Universitas Sumatera Utara
26
Ultrafiltrasi atau ultra filtration adalah suatu teknologi filtrasi dengan besaran pori 0.01 mikron Sistem kerja dari ultra filtration sebagai berikut: Air masuk dengan tekanan rendah +/- 1.5 bar melalui lubang halus dengan diameter 0.5-2 mm. Ukuran pori filter 0.01-0.05 μm (sebagai pembanding sehelai rambut memiliki besar 50μm – jadi pori-pori dari UF ini 500 kali lebih besar) Kontaminasi dengan ukuran yang lebih besar dari 0.05μm tertahan dan terbuang secara berkala pada saat dilakukan back flushing ataupun forward flushing. Keunggulan dari sistem UF ini adalah pori-pori yang memiliki nilai absolut dibandingkan dengan filter biasa. Filter UF memiliki ukuran sangat kecil dibandingkan dengan bakteri sehingga lebih steril dari filterisasi biasa.
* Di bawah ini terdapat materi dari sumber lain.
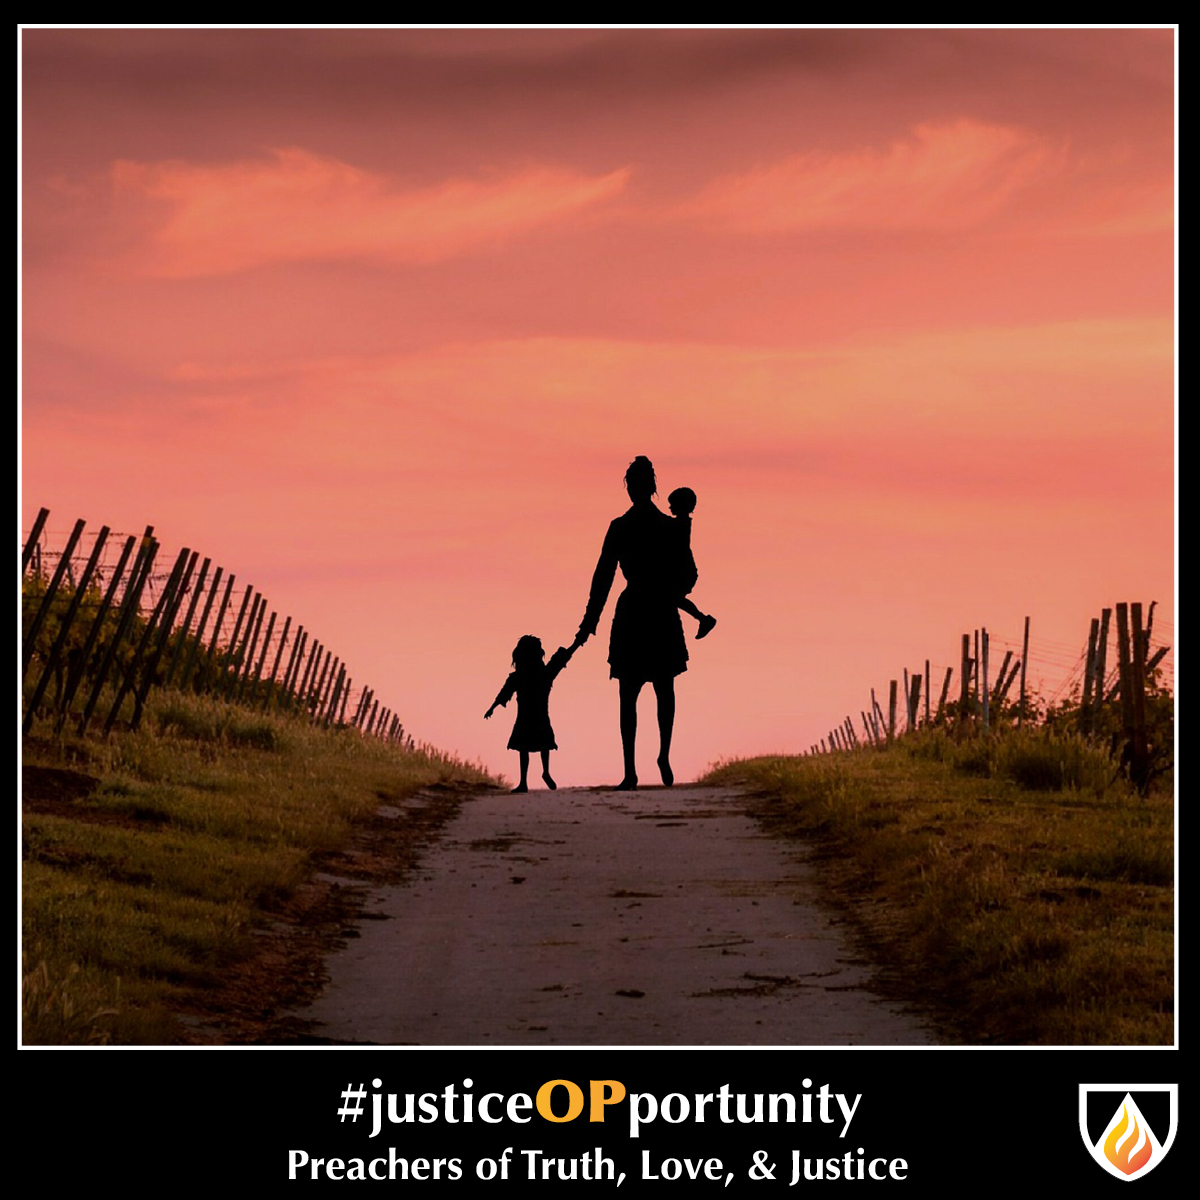 #justiceOPportunity Thursday—January 28, 2021

Penghambat mikroorganisma dan bakteri yang lengkap. Kualitas hasil yang difilter tidak tergantung dari air masuk. Ultrafiltration juga dapat membuang chlorine resistant germs seperti cryptosporidium. Konsentrat (air limbah) juga akan terbuang. Dalam sistem yang dirangkai secara lengkap dapat menurunkan biaya investasi. dan juga biaya perawatan. Memungkinkan sistem yang full otomatis. dapat membuang hampir semua film-forming pada membrane reverse osmosis, sehingga dapat memperpanjang umur membran. 2.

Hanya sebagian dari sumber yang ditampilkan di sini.